Avrupa'nın güneydoğusunda bulunan Balkanlar ile Asya'nın güneyinde yer alan ve Asya'nın kalbi olarak da tanımlanan Afganistan arasında çok benzerlikler vardır. Her iki bölge de sahip oldukları jeopolitik, jeoetnik ve jeoteolojik özellikleri nedeniyle “büyük güçler”in bazen saldırılarına, bazen işgallerine ve çoğunlukla da rekabet ve nüfuz alanlarına dönüştürülmüşlerdir. Son iki işgal de gösterdi ki Afganistan'ın paha biçilemez doğal kaynakları , istilaya yönelen emperyalistlerin iştahını kabartan önemli etkenler arasındadır.
Balkanlar için kullanılan “Barut Fıçısı” deyimi, Afganistan için de geçerlidir. Afganistan, son bir yüzyıl içinde İngiltere, SSCB ve ABD gibi üç büyük süper gücün işgaline uğramıştır. Ki son iki işgale yaşları 50'nin üzerinde olan bizler de şahidiz. 27 Aralık 1979'da başlayan Rus (SSCB) işgali 10 yıl sürerken, 7 Ekim 2001'de başlayan ABD-NATO işgali de 20 yıl sürdü.

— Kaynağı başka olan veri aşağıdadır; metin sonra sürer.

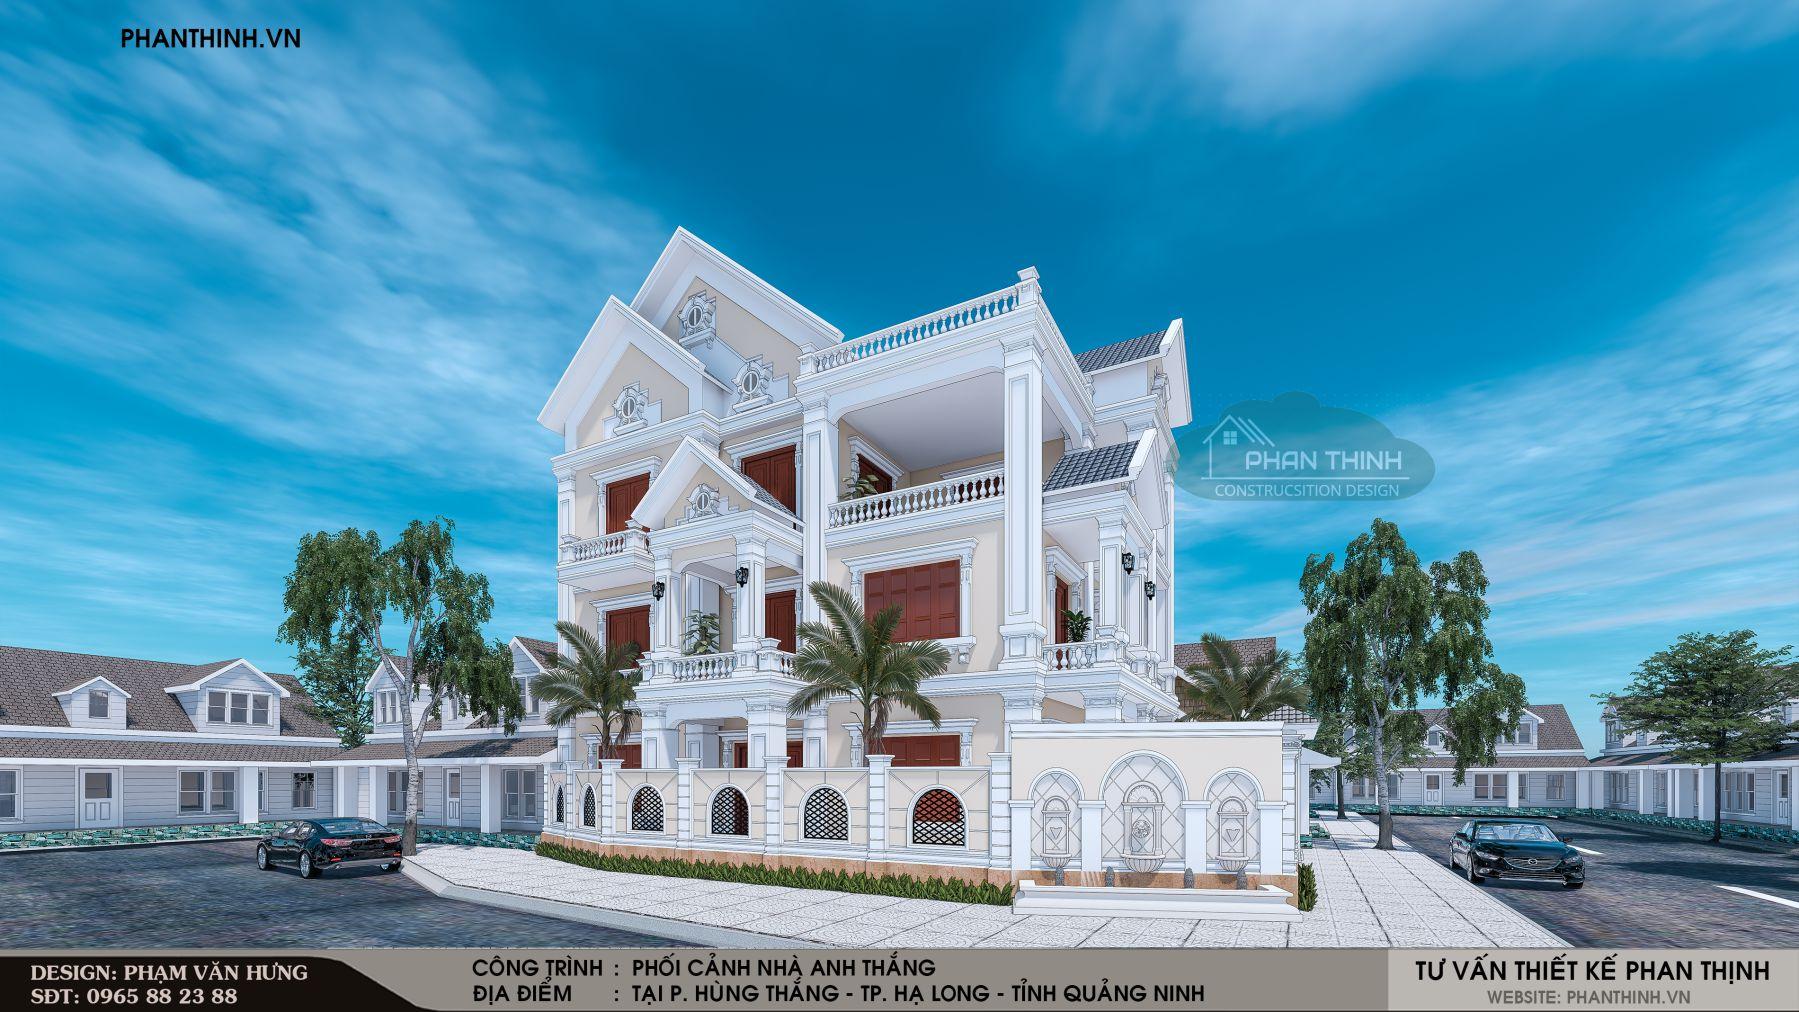 Phối cảnh góc căn nhà biệt thự 3 tầng đẹp năm 2019 tại Quảng Ninh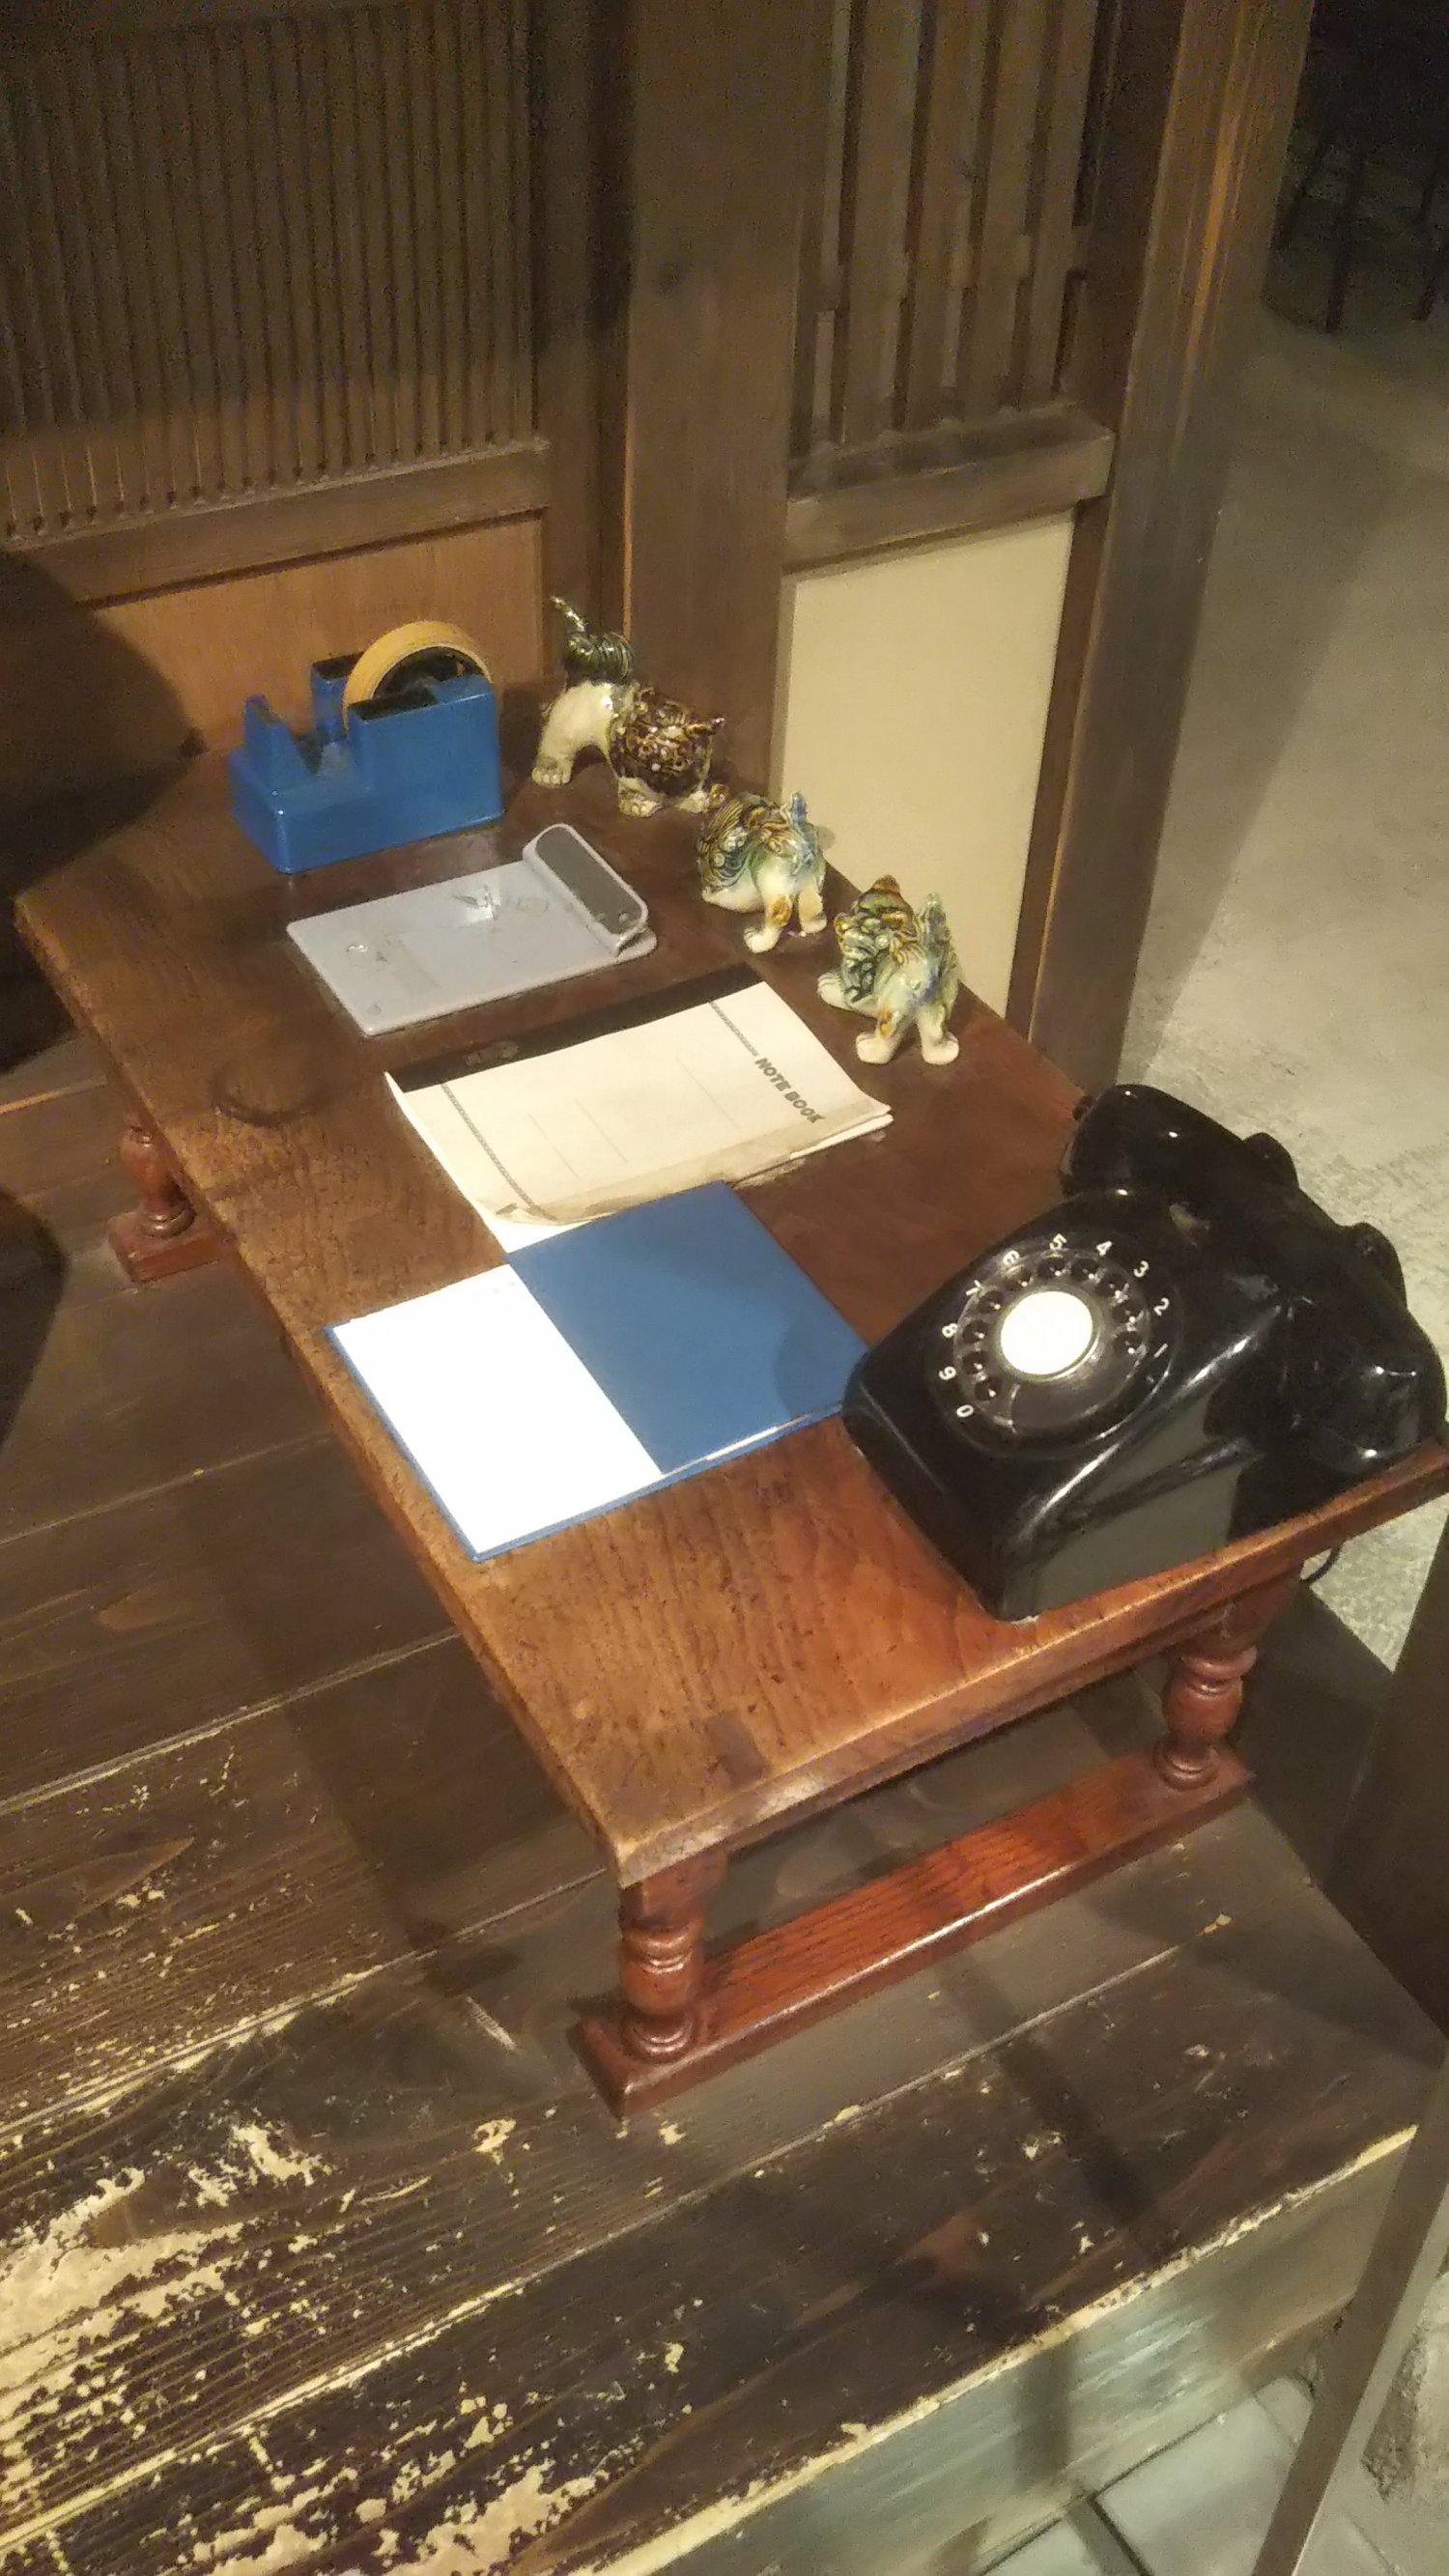 リリーからの電話を心待ちにする寅さんをタコ社長がからかうところからバトルに発展(「葛飾柴又寅さん記念館」)。

Son yüzyılın en fazla bomba yağdırılan, en fazla yakılıp yıkılan, nüfusuna göre en fazla göç ettirilen ve en uzun işgal edilen ülkesi Afganistan'dır. Dünyanın en fakir halklarından diyebileceğimiz Afganlıların Amerika'ya Vietnam'dakinden daha ağır bir yenilgi tattırmaları şüphesiz ki her takdirin üstündedir. Ancak bu zafer ne kadar büyük olursa olsun, Afganlılara kendi ülkelerinde barış ve güven içinde yaşamanın ve inançlarına uygun bir düzen kurmanın garantisi değildir.